Witt equivalence of function fields of curves over local fields

TL;DR

This paper investigates Witt equivalence of function fields of curves over local fields, extending previous global field results to the local case, and explores implications for the underlying local fields.

Contribution

It extends the theory of Witt equivalence to function fields over local fields and establishes conditions linking the equivalence of these fields to their base local fields.

Findings

Witt equivalence of function fields over local fields implies equivalence of the base local fields under certain conditions.

The paper generalizes previous global field results to local fields.

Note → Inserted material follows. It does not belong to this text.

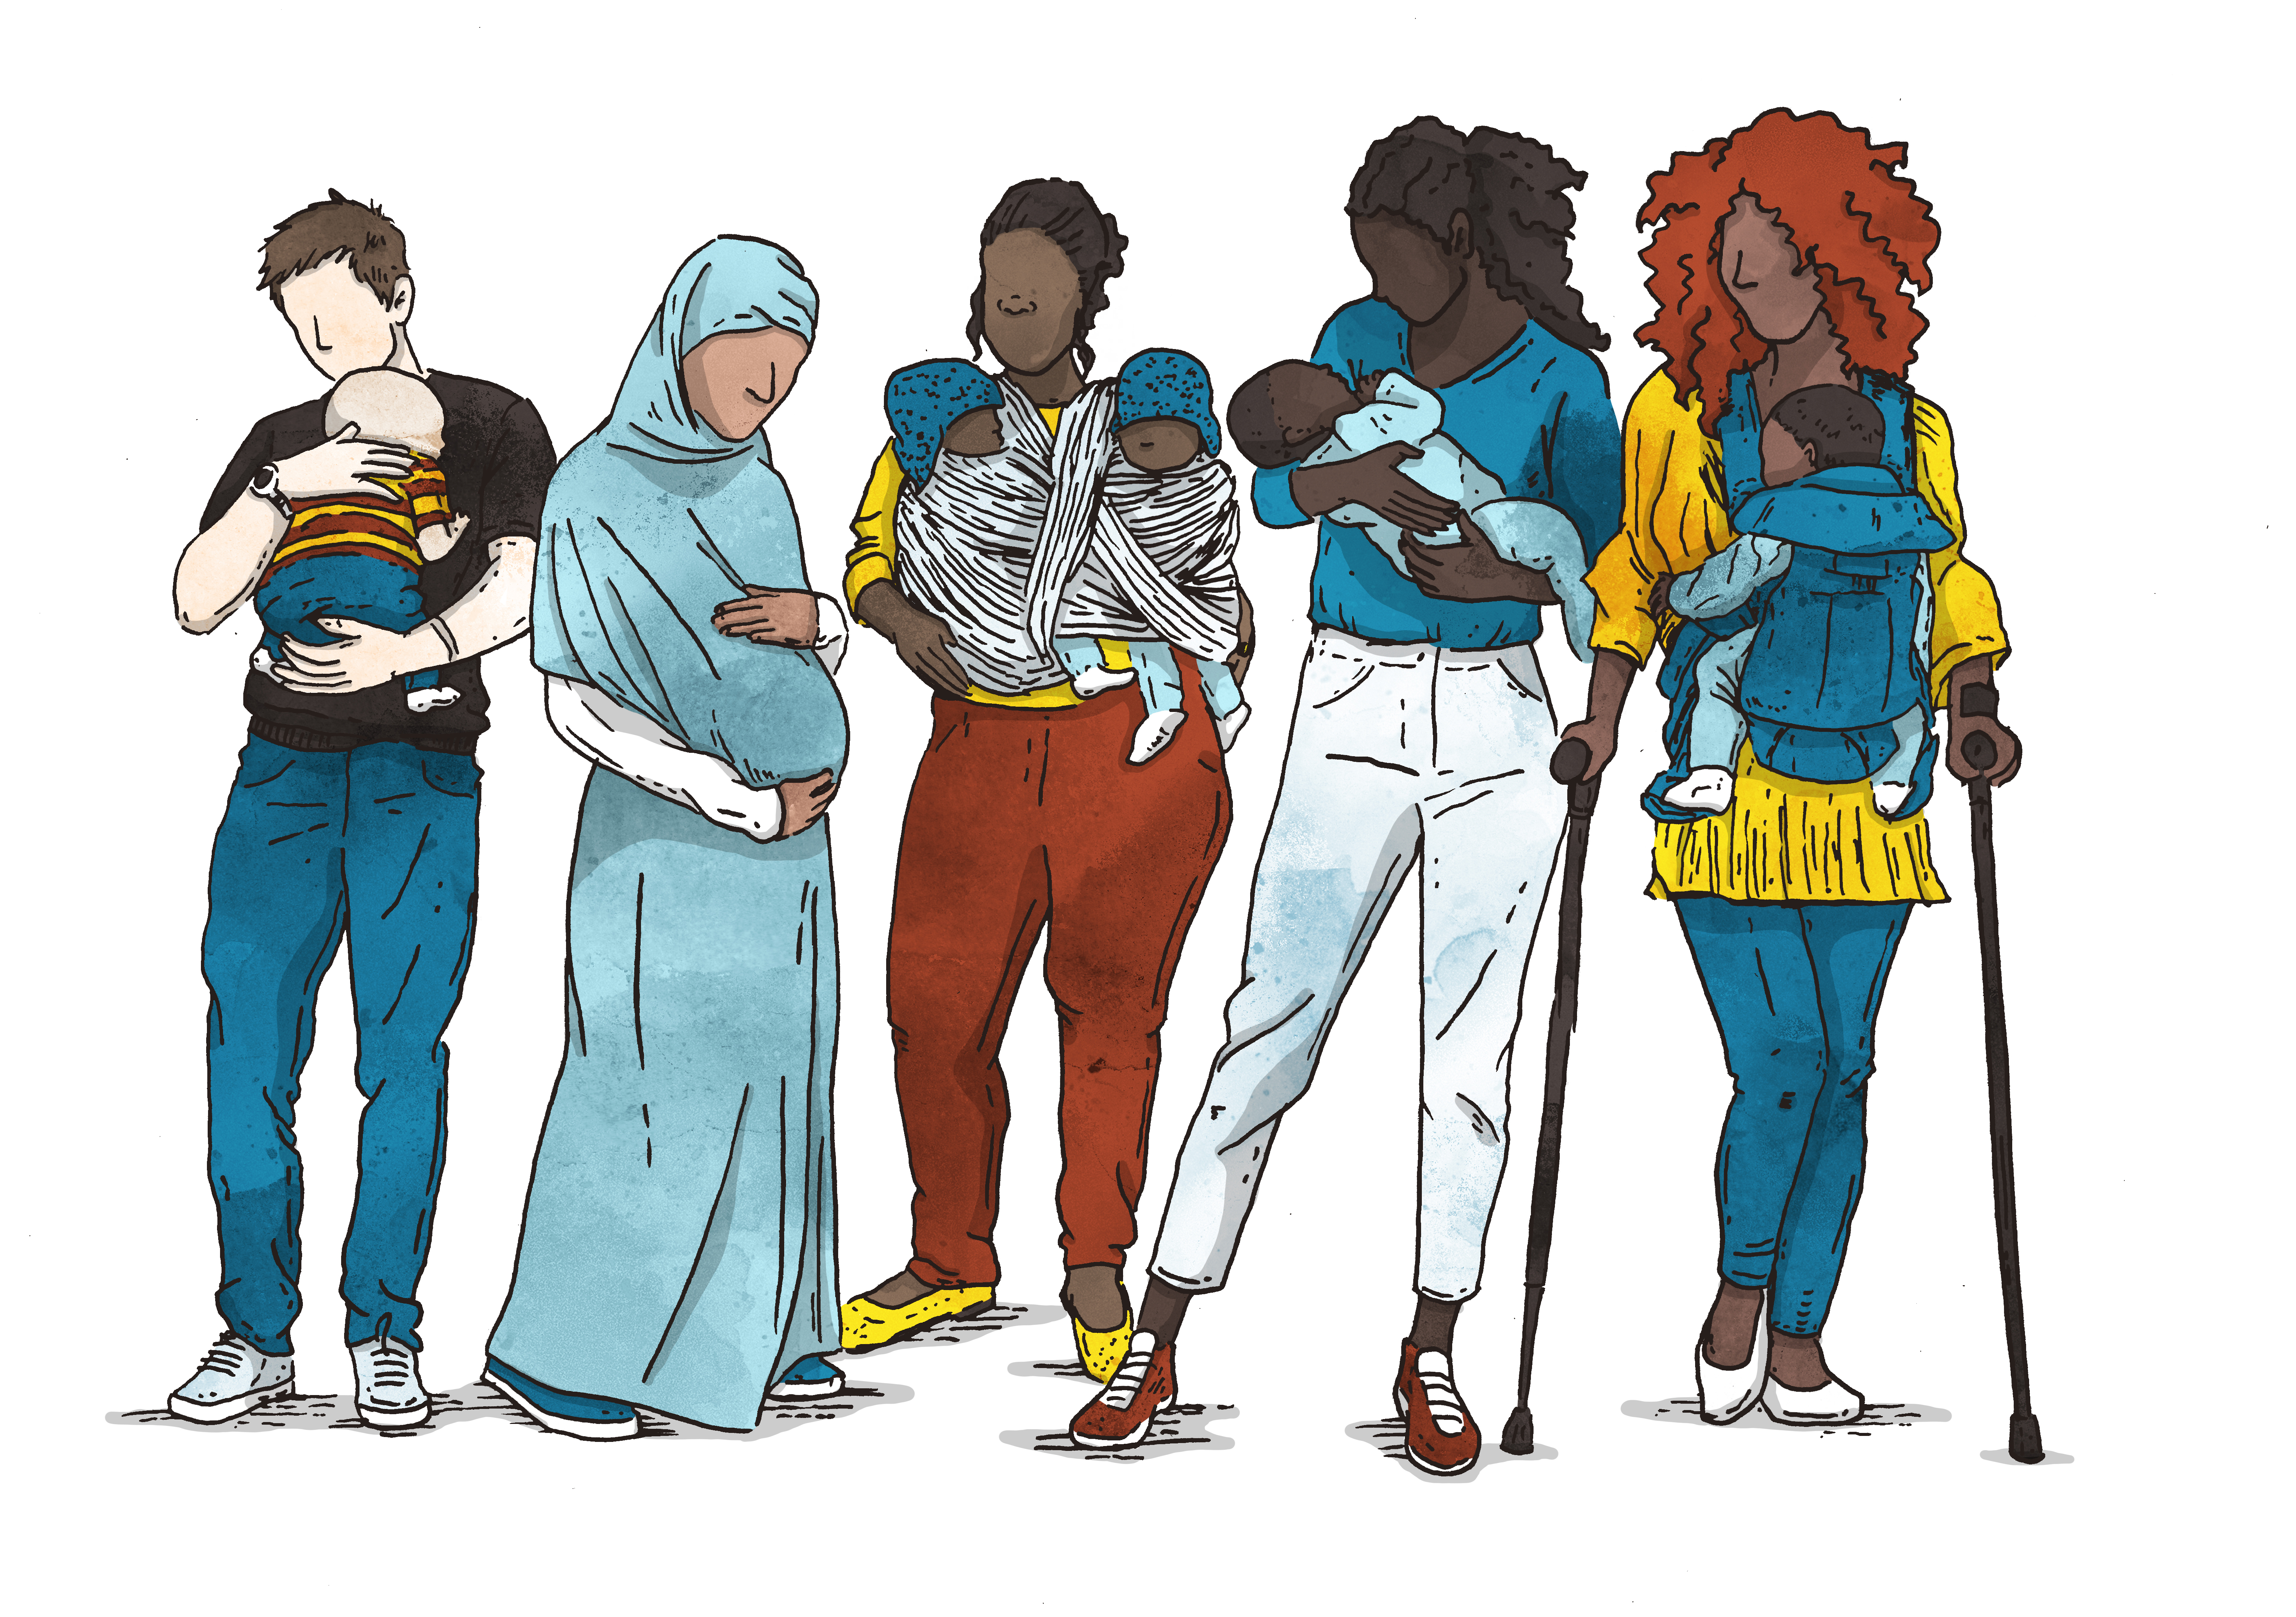 Five mothers—diverse in their races and ethnicities, body types, and gender presentation—stand together holding their babies.

It provides new insights into the structure of quadratic forms over function fields.

Abstract

Two fields are Witt equivalent if their Witt rings of symmetric bilinear forms are isomorphic. Witt equivalent fields can be understood to be fields having the same quadratic form theory. The behavior of finite fields, local fields, global fields, as well as function fields of curves defined over archimedean local fields under Witt equivalence is well-understood. Numbers of classes of Witt equivalent fields with finite numbers of square classes are also known in some cases. Witt equivalence of general function fields over global fields was studied in the earlier work [13] by the authors, and applied to study Witt equivalence of function fields of curves over global fields. In this paper we extend these results to local case, i.e. we discuss Witt equivalence of function fields of curves over local fields. As an application, we show that, modulo some additional assumptions, Witt equivalence of two such function fields implies Witt equivalence of underlying local fields.